◆ **Given material**
=-=-=
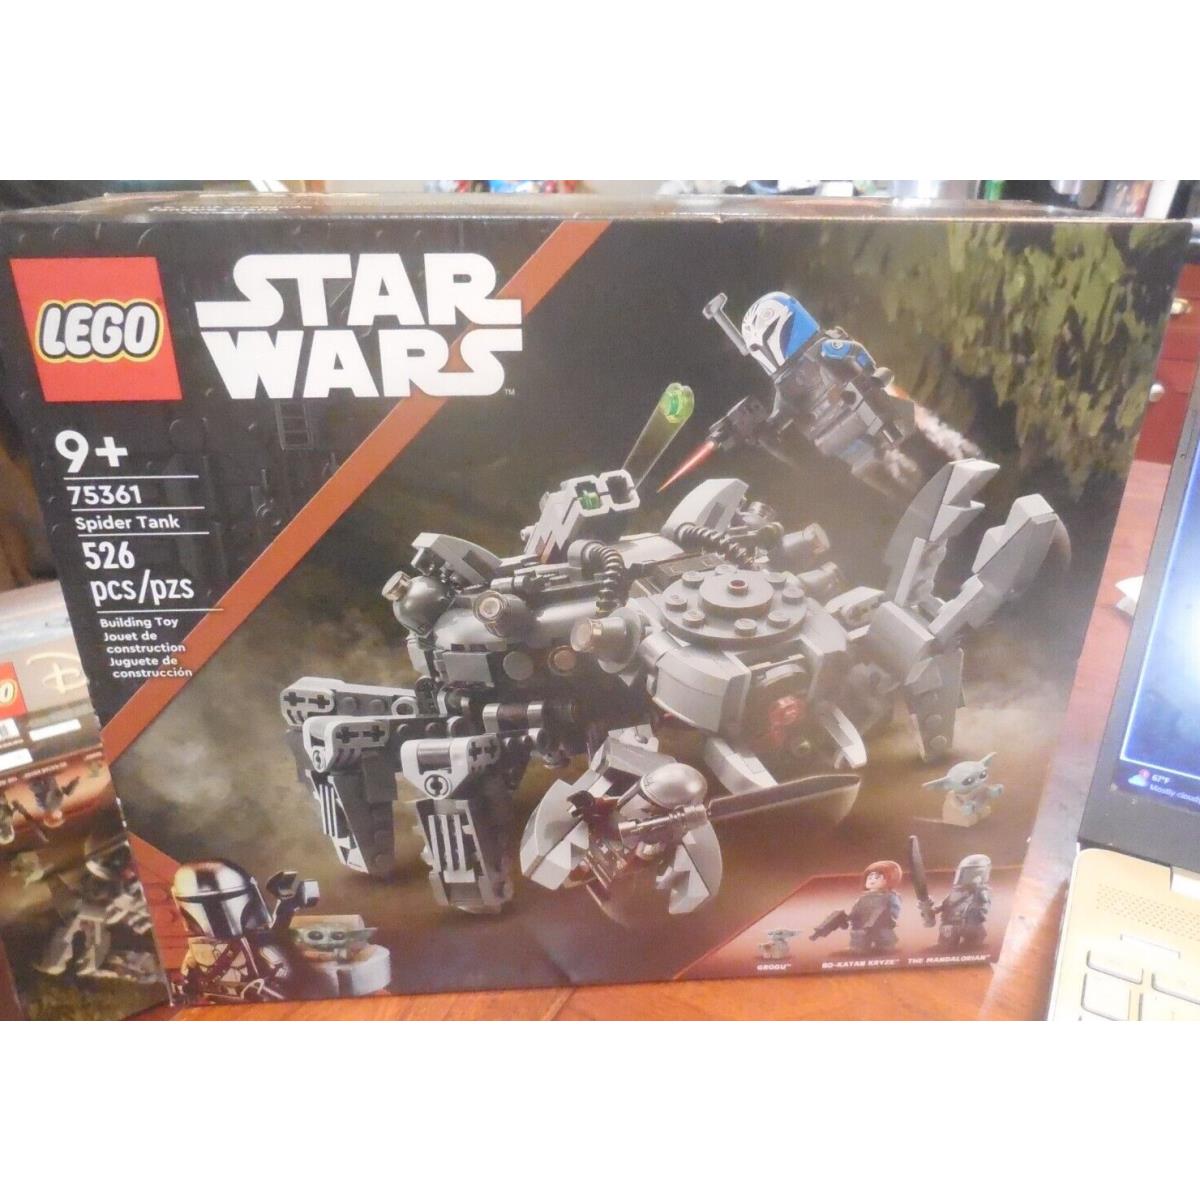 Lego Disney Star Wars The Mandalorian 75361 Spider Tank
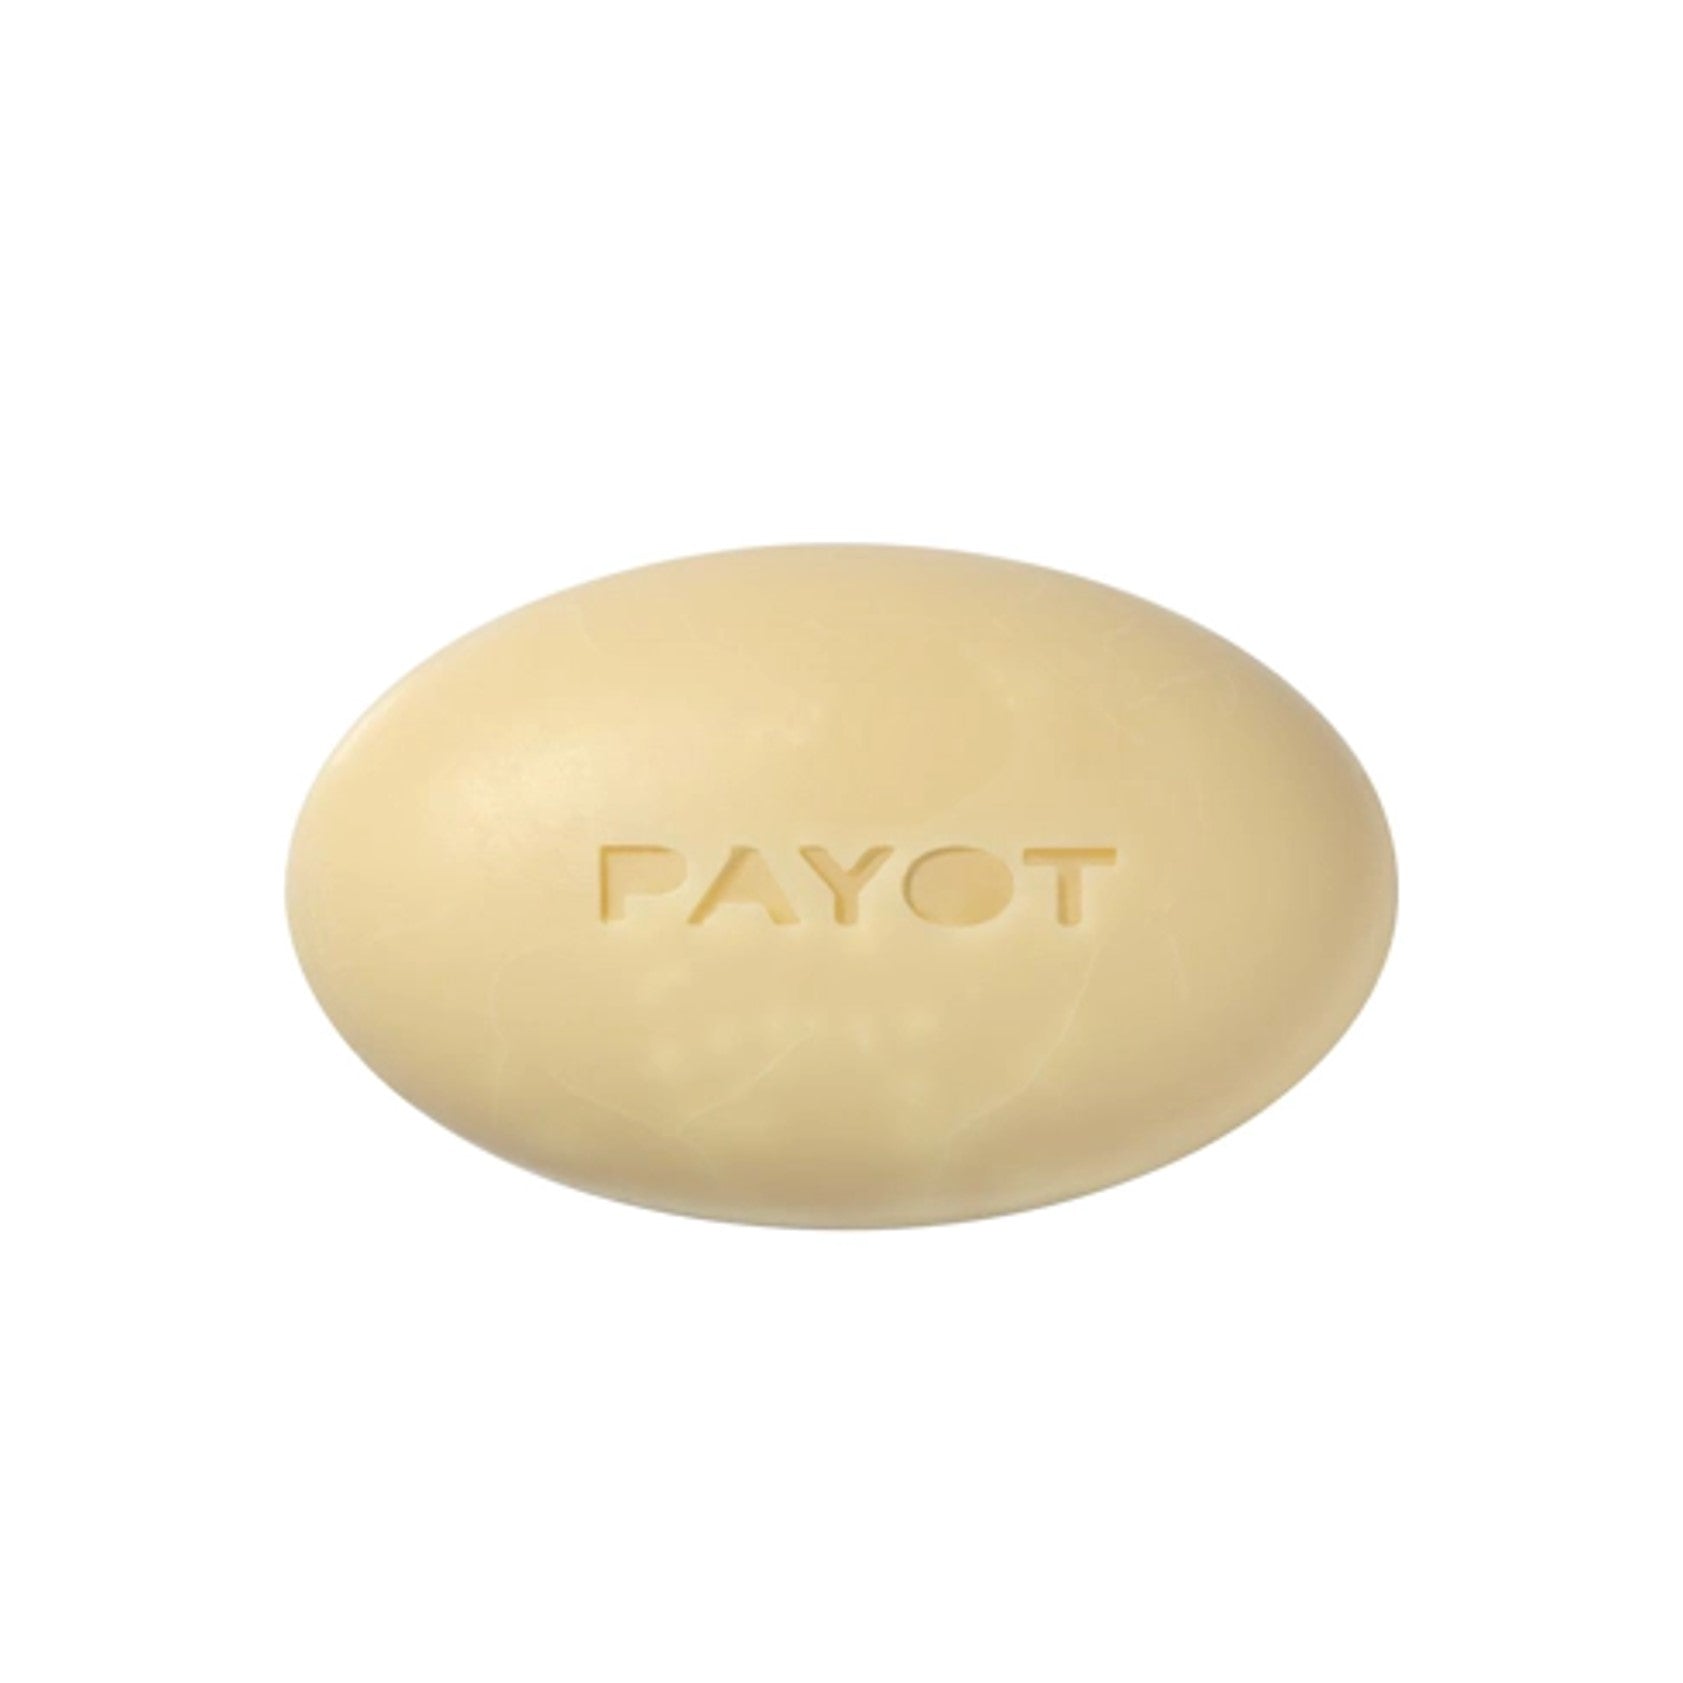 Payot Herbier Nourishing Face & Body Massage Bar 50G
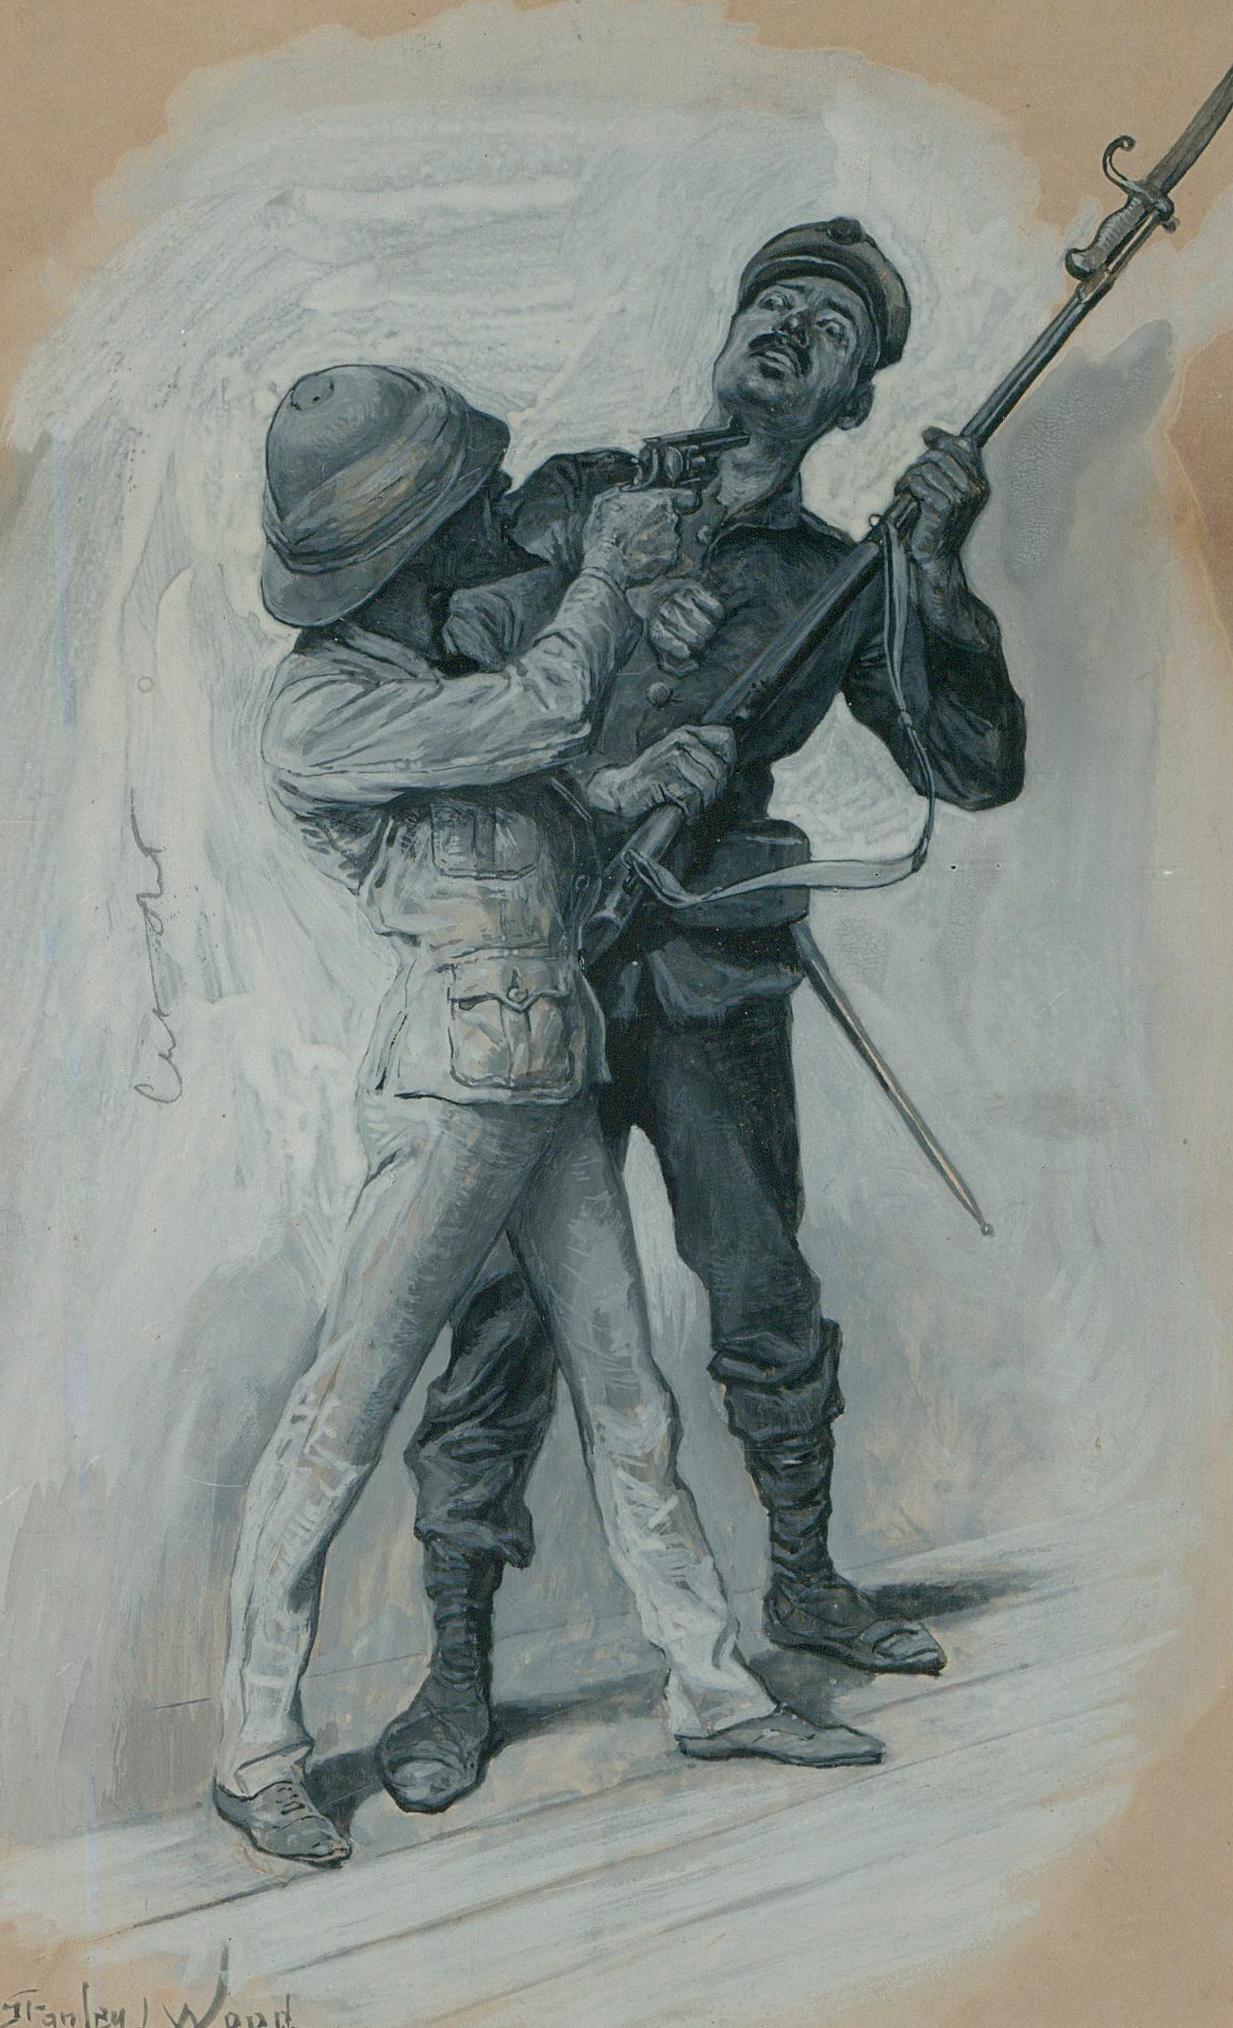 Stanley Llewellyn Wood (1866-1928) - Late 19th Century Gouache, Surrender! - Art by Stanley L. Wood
=-=-=
◆ **Task description**
Set the material down exactly, images excluded.

◆ **Result of this task**
 Lego Disney Star Wars The Mandalorian 75361 Spider Tank
 Payot Herbier Nourishing Face & Body Massage Bar 50G
 Stanley Llewellyn Wood (1866-1928) - Late 19th Century Gouache, Surrender! - Art by Stanley L. Wood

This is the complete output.